On Good Friday, March 25th, 19 youth (6th-10th graders) camped out in a “Cardboard City" on the front lawn of our church. The Cardboard City is an event that has been taking place in numerous locations all over the world. Participants are invited to spend the night in a cardboard box in an effort to experience homelessness. We also work to raise money to help combat this complex problem. This was our second annual Cardboard City. The effort was initiated by our confirmands, 9th graders, Perry Comeau, Jan Lapinski, Jamie Rushnak, Lucy Ryan and Anna Terrenzi. They were so impacted by last year's event, that they invited their friends from the Cape and beyond to participate once again. 95% of last year’s participants returned again this year to brave the elements in an effort to get a deeper understanding of what it is like to be someone who no longer has a home. We had students representing a number of schools: Monomoy Regional High and Middle Schools, Nauset High and Middle Schools, St. Francis Xavier Prep, Duxbury Middle School, Chatham Elementary School, Sturgis Charter School and Cape Cod Lighthouse Charter School.
Our evening included time with homeless advocates, Jeff Howell and Alan Burt of Homeless Not Hopeless in Hyannis and Beth Wade of Champ Homes. We had a great roundtable discussion which included the children breaking up in pairs to explore the cycle of homelessness. Jeff, Alan and Beth helped us get a better understanding of homelessness on Cape Cod and its direct correlation to the housing problem that exists here. We talked a lot about the role our faith plays in looking at this situation. Central to all three advocates, is the verse from Matthew 25:36-40, "I was naked and you clothed me, I was sick and you visited me, I was in prison and you came to me.’ Then the righteous will answer him, saying, ‘Lord, when did we see you hungry and feed you, or thirsty and give you drink?
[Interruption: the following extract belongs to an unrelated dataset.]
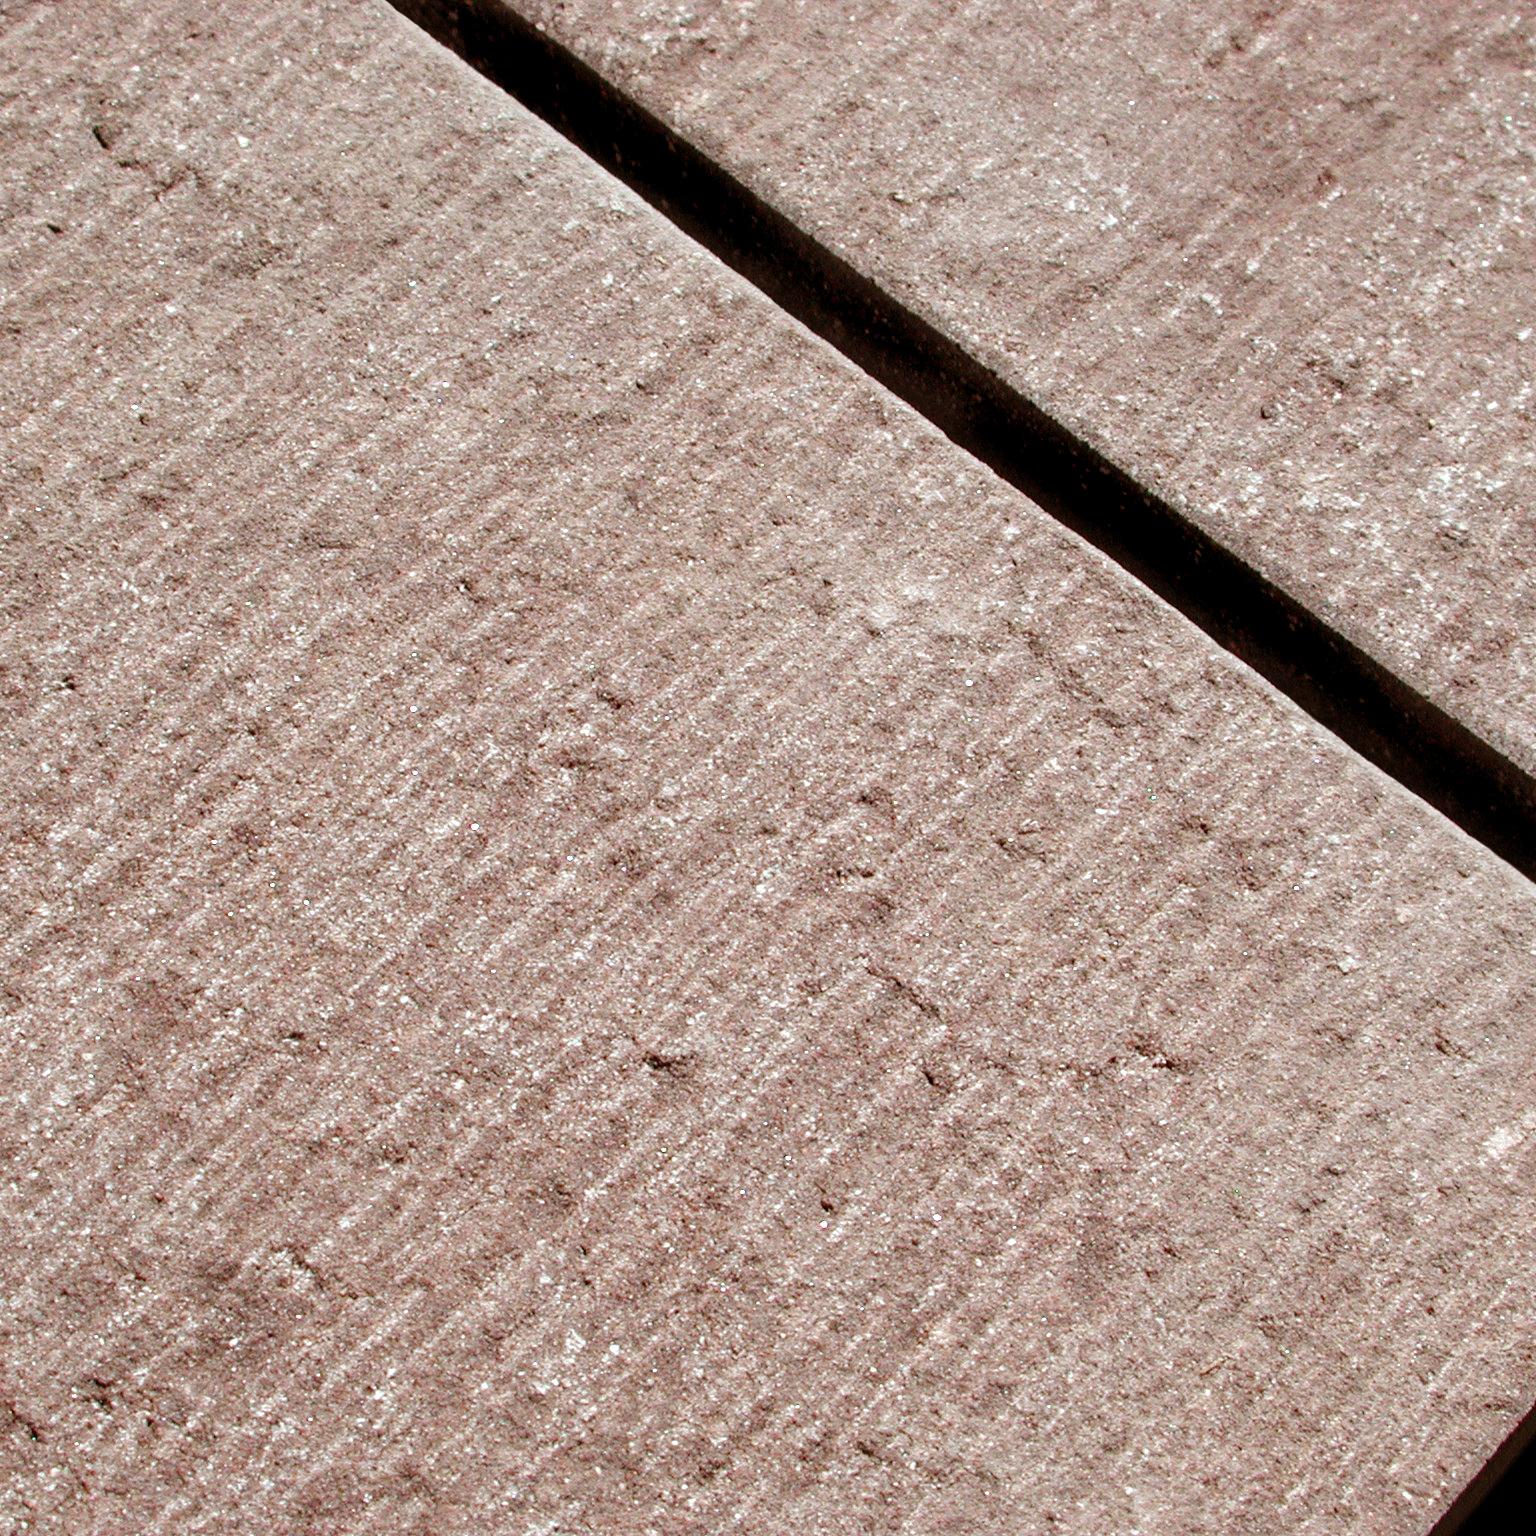 claret-sandstone-adze
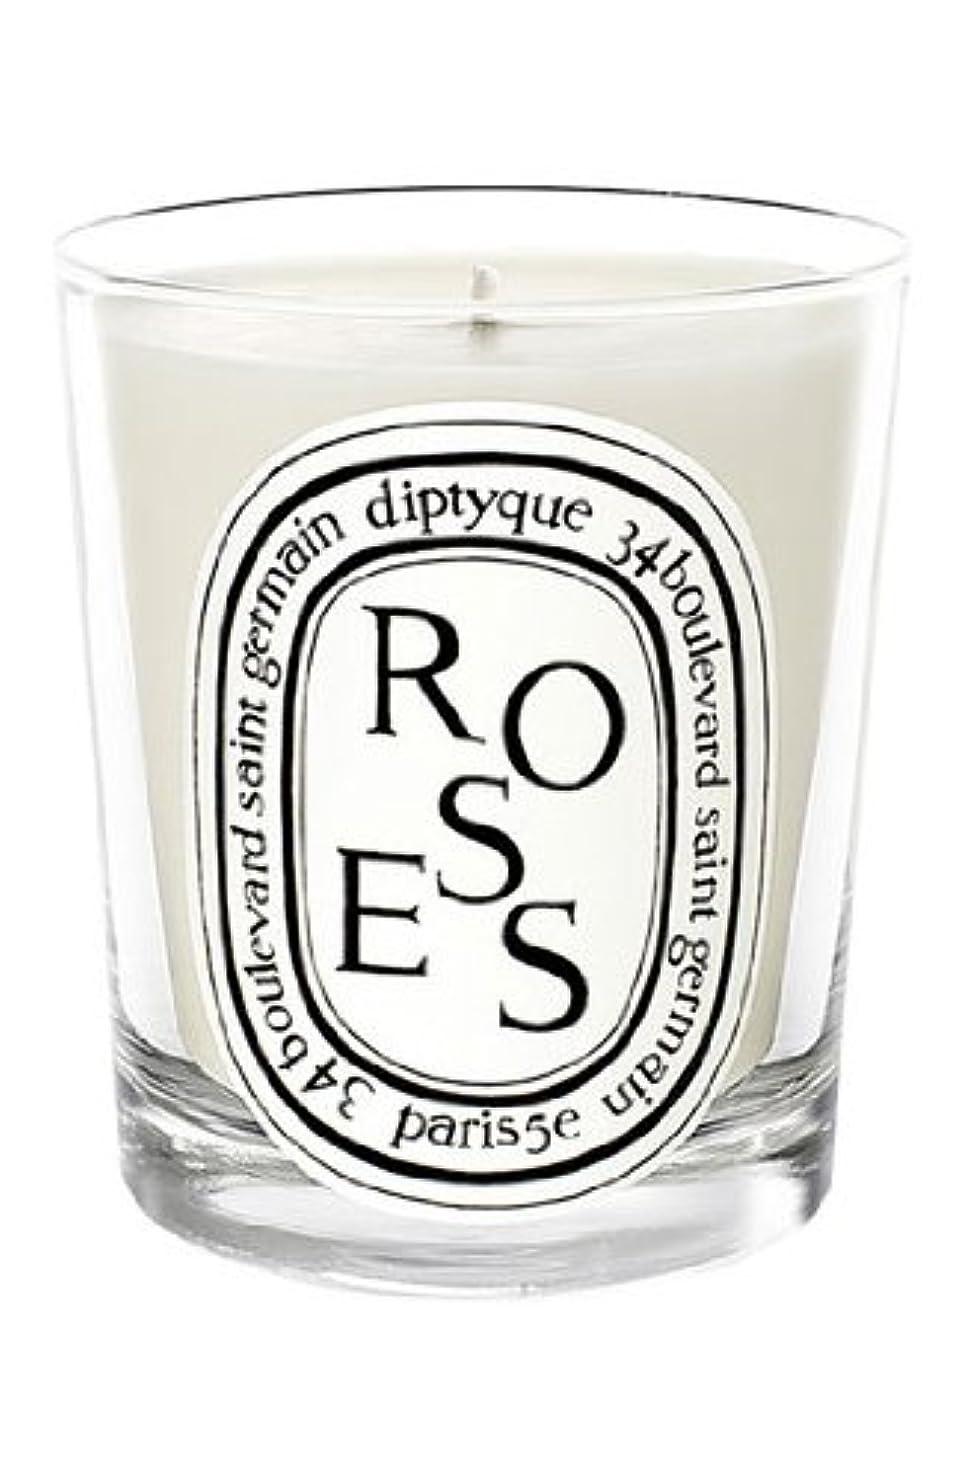 社員プロテスタント捕虜Diptyque - Roses Candle (ディプティック ロージーズ キャンドル)195 g

And when did we see you a stranger and welcome you, or naked and clothe you? And when did we see you sick or in prison and visit you?’ And the King will answer them, ‘Truly, I say to you, as you did it to one of the least of these my brothers, you did it to me.’
This year, our scope was broadened as we heard about a different homeless population, refugees. Jennifer Smith and Laura Gill, Outer Cape residents, came and spoke with the group about their recent experience working with Syrian refugees on the Greek island of Lesbos (a tourist and fishing community not dissimilar to the Cape). For two weeks, the two gave medical care to children and adults coming off flimsy rafts after crossing the Aegean from Turkey. They showed lots of pictures and gave us a clear sense of the urgency and enormity of this situation. We also watched the documentary, God Grew Tired of Us. A 2006 film that tells the story of some of the Lost Boys of Sudan, some 25,000 young men, refugees forced to flee the wars in Sudan since the 1980s. The film explores their horrific journey as well as their experiences moving to the United States. The next morning, the participants said that it gave them a “reality check” of how much they take for granted.
At one point, the group set out panhandling Main Street. Their experiences varied from folks who greeted them with warmth and generosity, like a man who had spent 10 years living on the streets of Boston who gave them $25, to less generous folks who “only had hundreds” and thought “it must be nice being poor having other people working for you.” It gave them a realistic glimpse of the day in the life of a homeless person, as did our experience spending the night in the cold. The following morning participants swapped “war stories” of their restless night.
In the morning, we walked down to Claflin Landing to take in the sunrise. We came home to a warm breakfast prepared by some of our congregation. We then went upstairs and had a closing ceremony, ending with a passing of a peace candle, where we urged one another to “go out and be a light in the world."
These teens are articulate, civic minded, compassionate young people who truly embody the great commandment of “loving your neighbor”. They are a light in our world and working with them is a great privilege. We raised $1037 through our morning program - Good Friday VBS, participation fees and sponsorships for the Cardboard City and by panhandling on Chatham’s Main Street. The youth will be presenting a check to Homeless Not Hopeless and Champ Homes in the coming weeks.
I’d like to thank all who participated and donated to this great event. I would encourage all generations to become acquainted with these bright shining stars of our community. They are a gift.